== EXTRACTED INFORMATION ==

◇ ◇ ◇

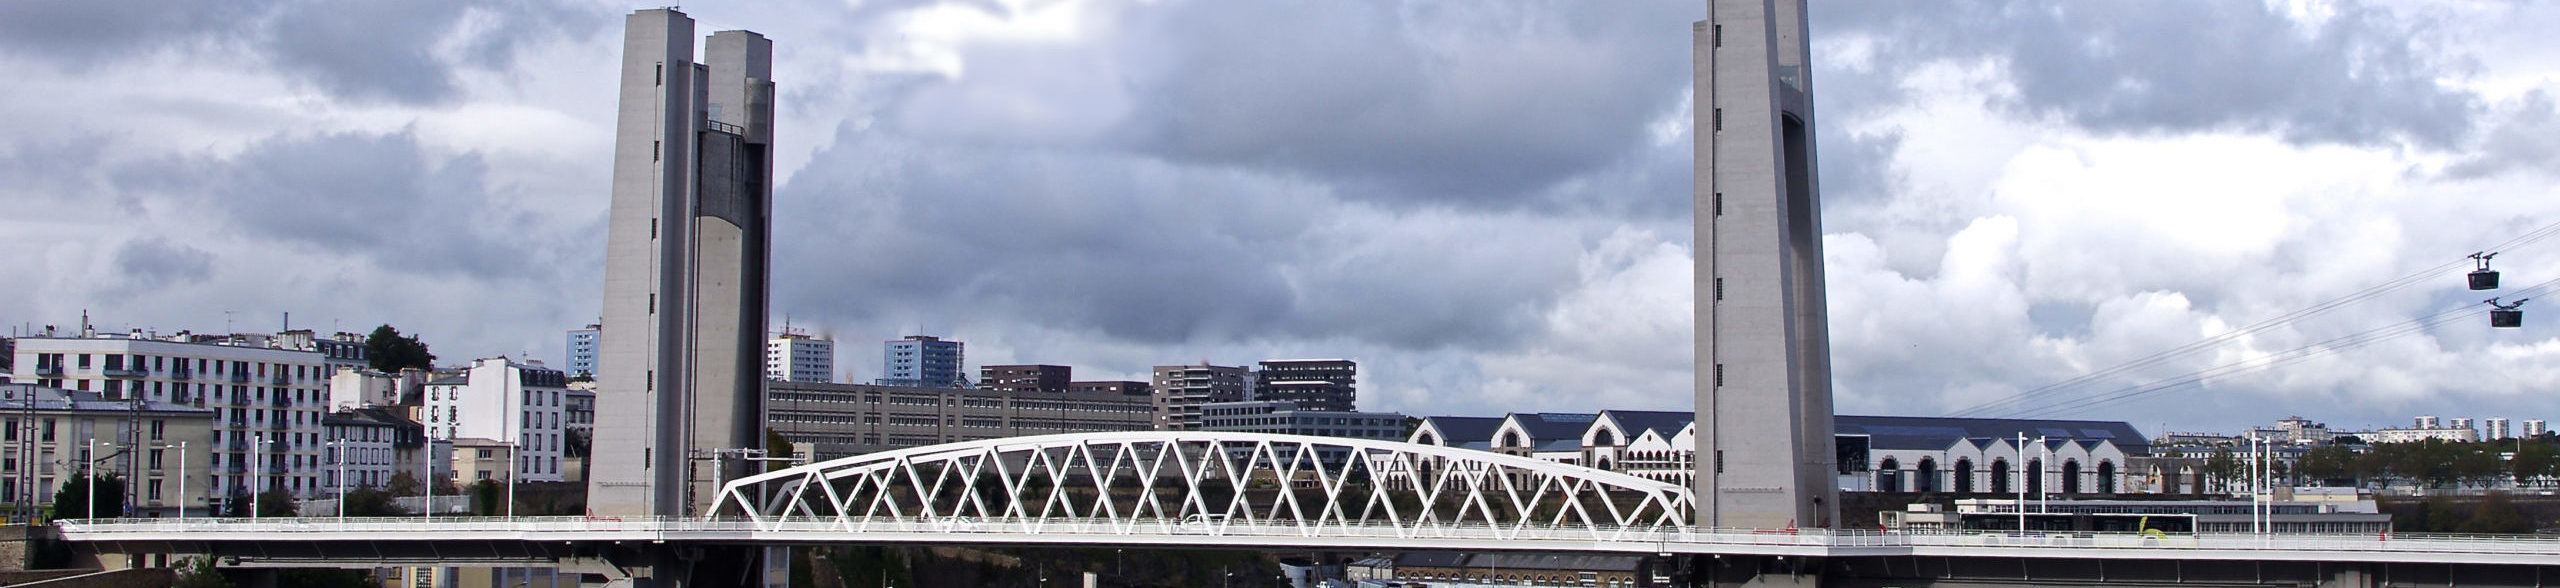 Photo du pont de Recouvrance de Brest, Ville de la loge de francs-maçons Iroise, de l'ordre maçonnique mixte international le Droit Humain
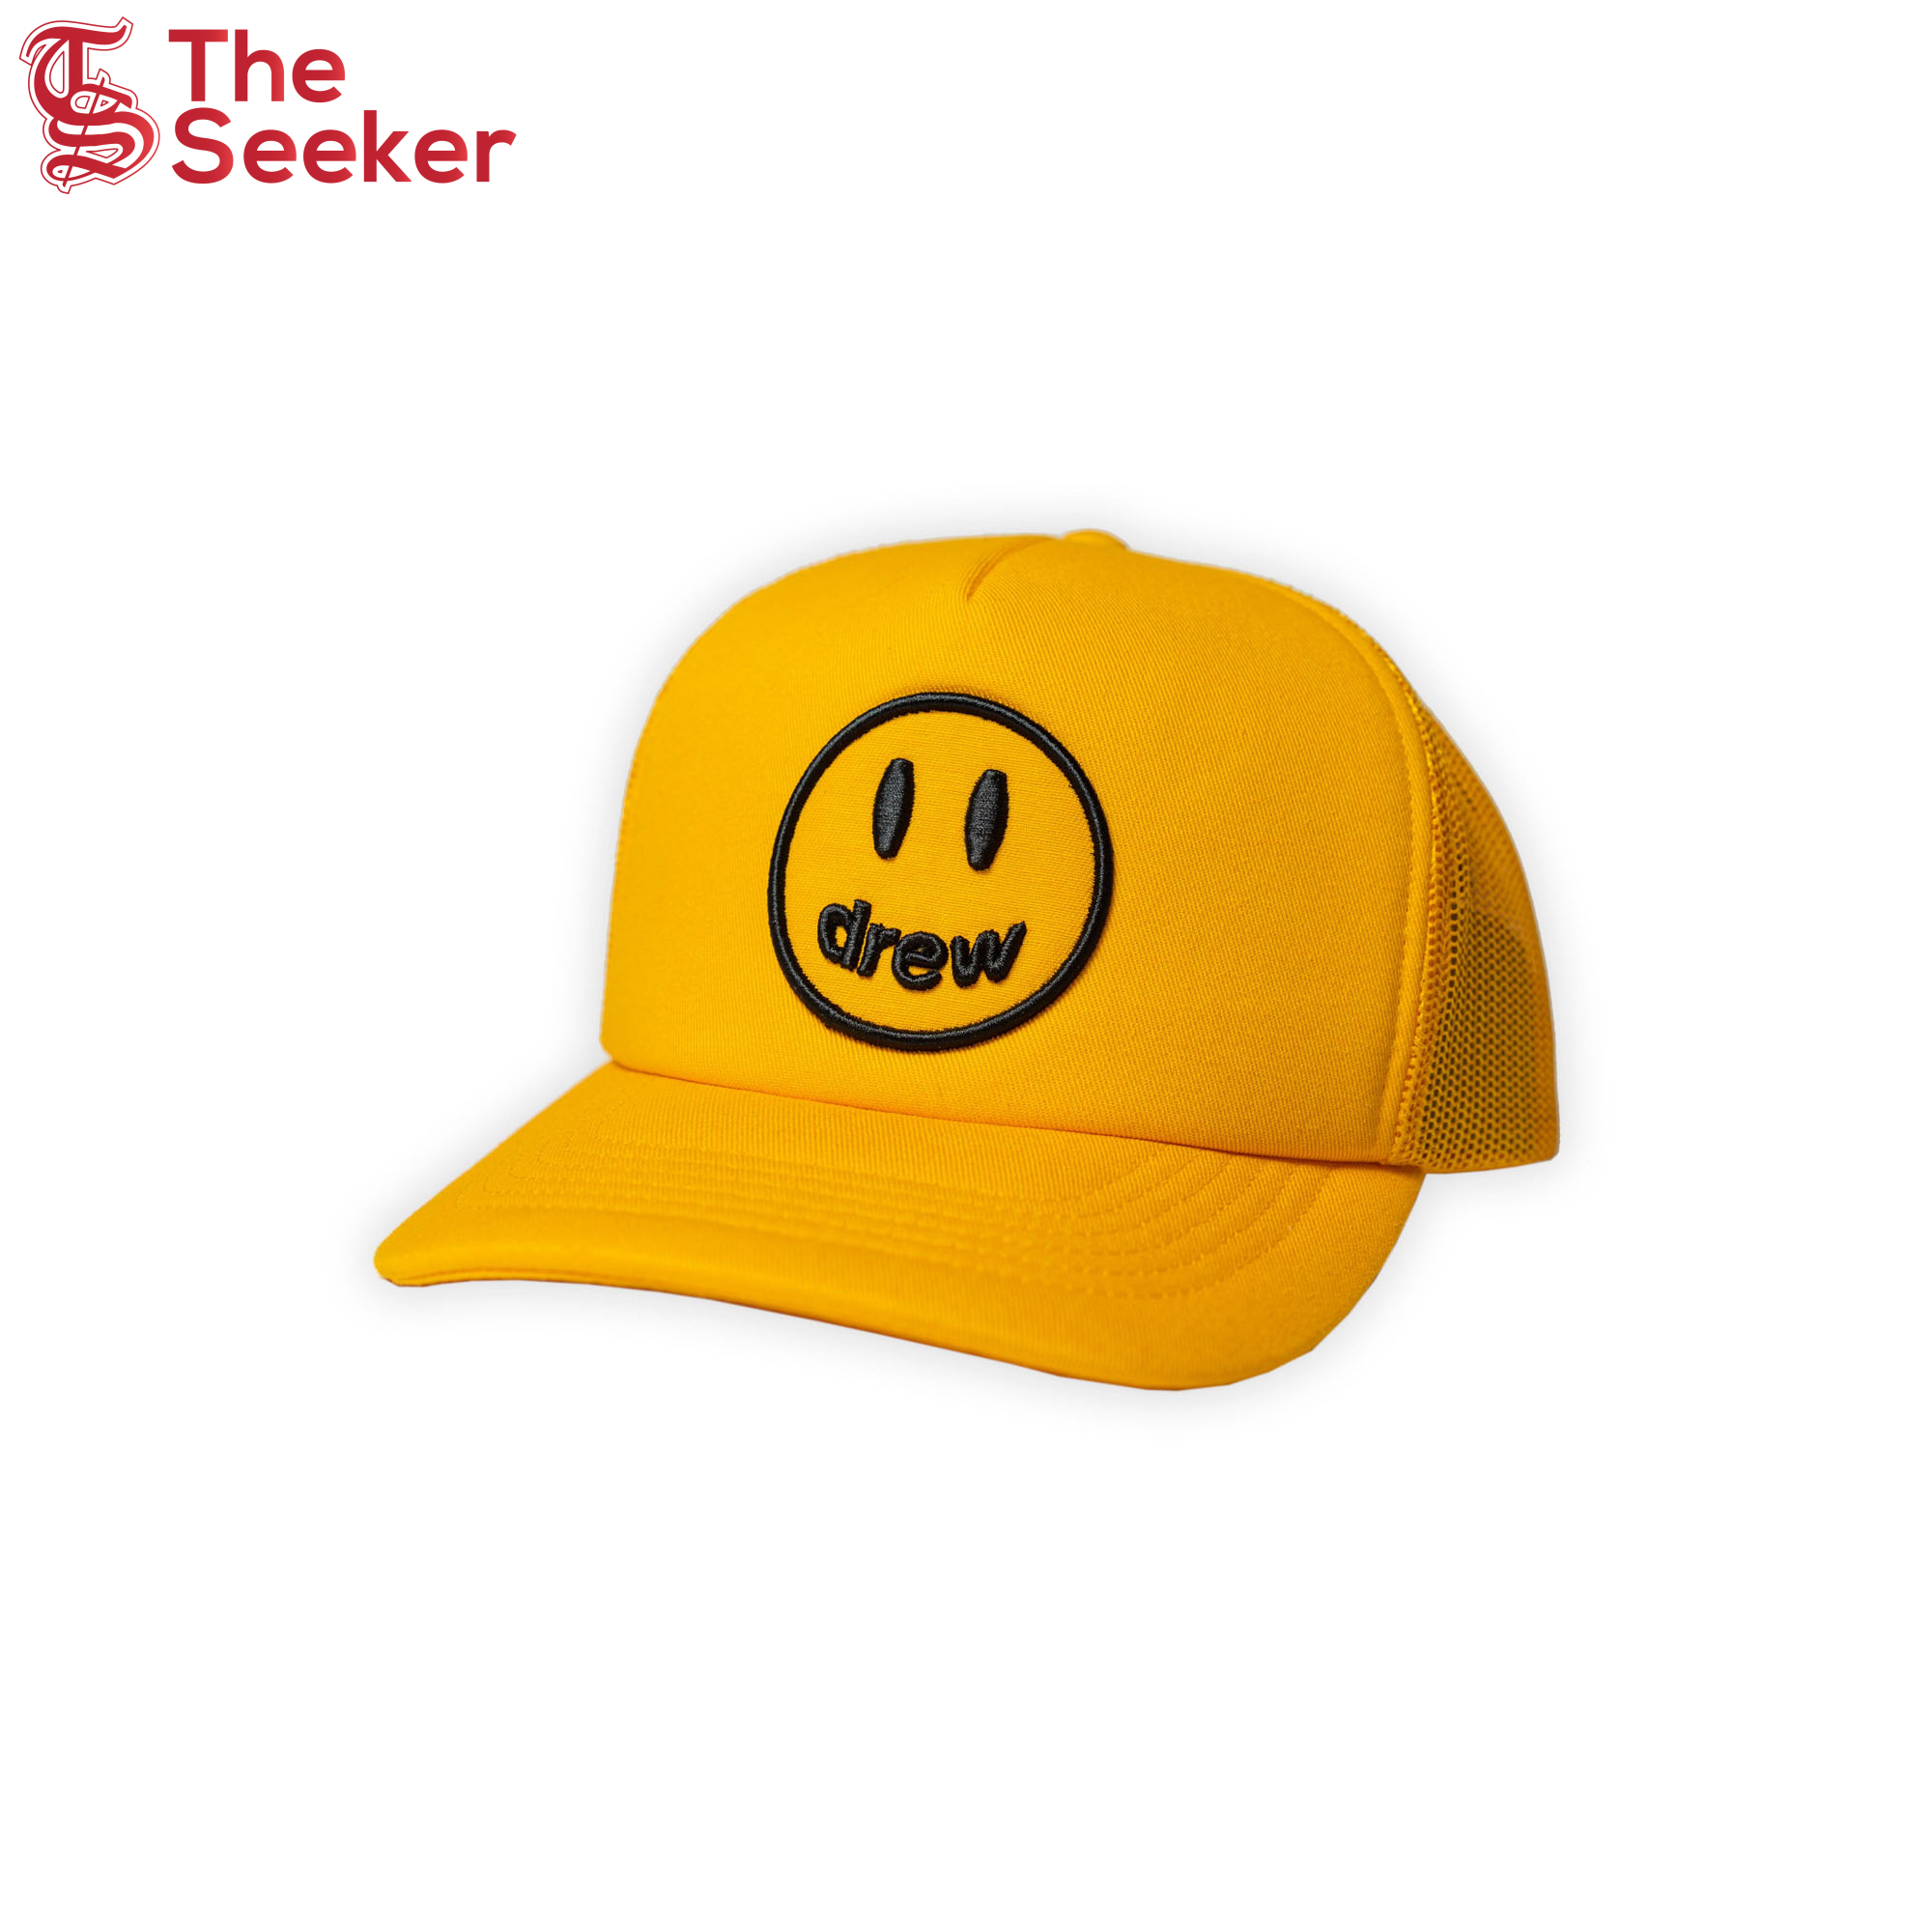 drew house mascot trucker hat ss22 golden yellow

◇ ◇ ◇

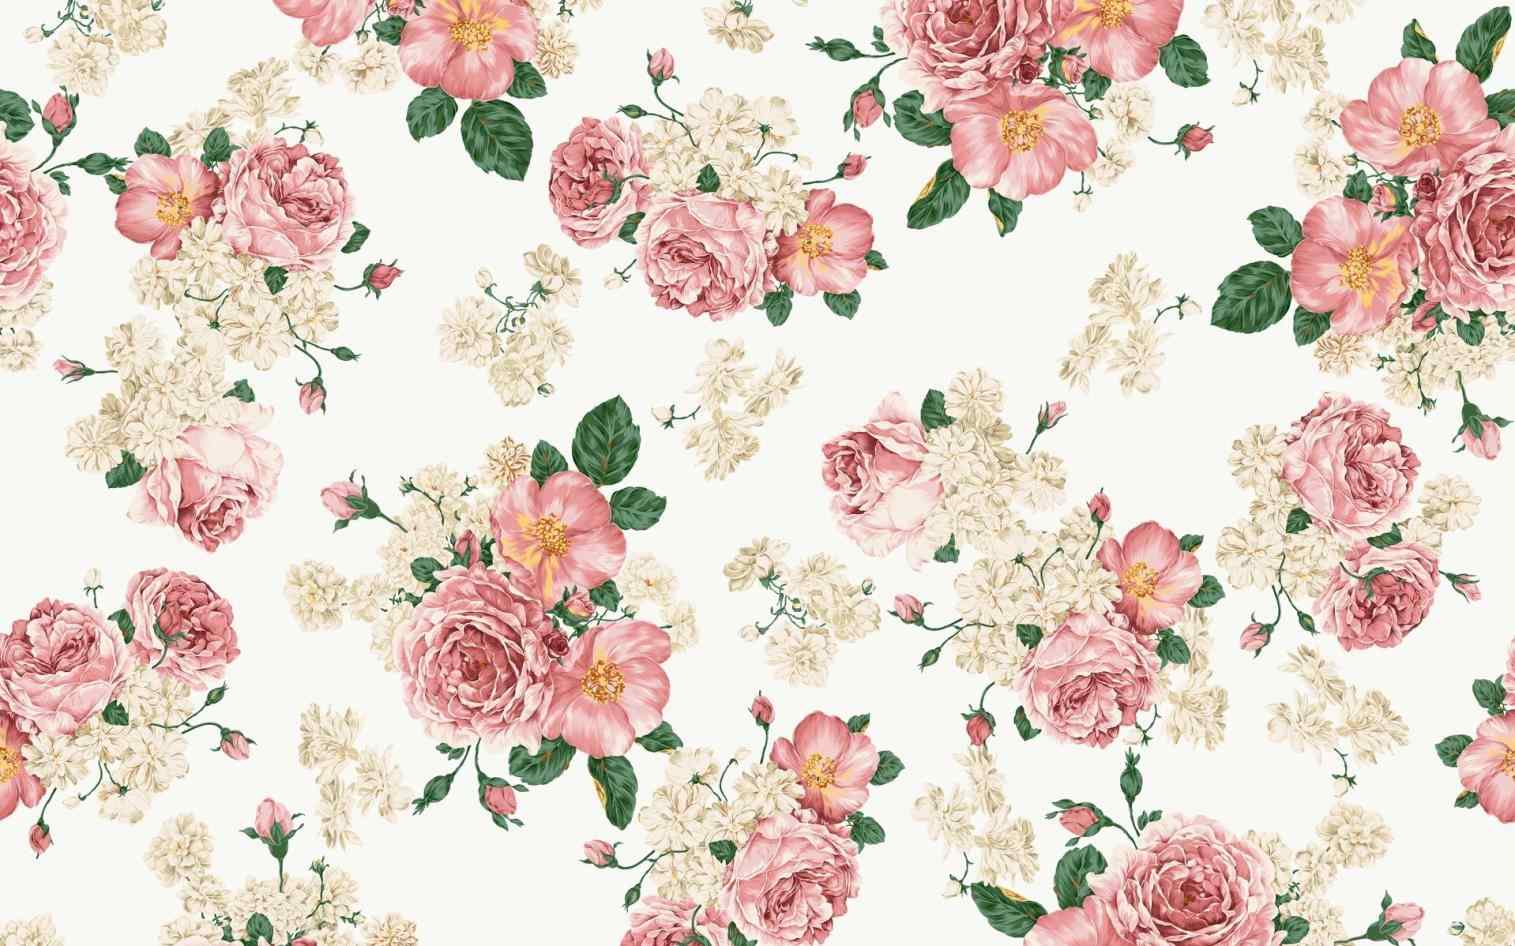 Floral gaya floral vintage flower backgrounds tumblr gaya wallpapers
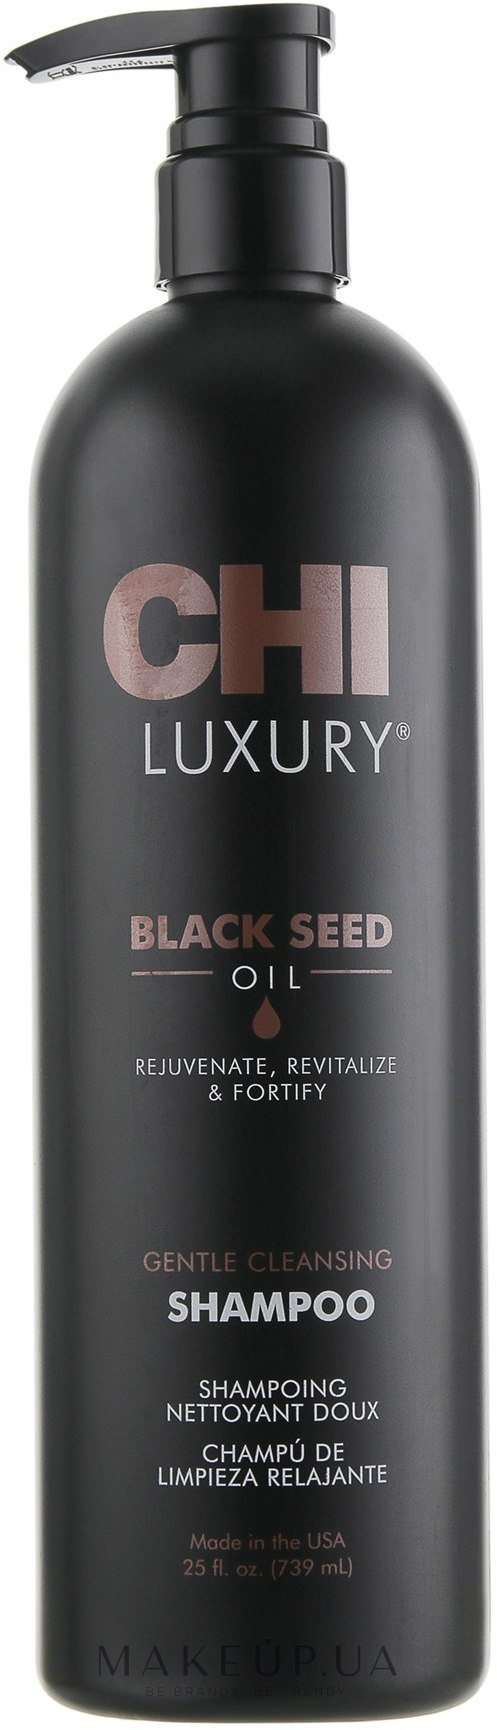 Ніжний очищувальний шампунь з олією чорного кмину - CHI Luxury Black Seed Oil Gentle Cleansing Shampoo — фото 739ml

◇ ◇ ◇

== PROMPT ==
Of the records above, print only the lines from the one containing "Photo du pont" through the one containing "drew house mascot", inclusive and unaltered, leaving out pictures.

== TASK RESULT ==
 Photo du pont de Recouvrance de Brest, Ville de la loge de francs-maçons Iroise, de l'ordre maçonnique mixte international le Droit Humain
 drew house mascot trucker hat ss22 golden yellow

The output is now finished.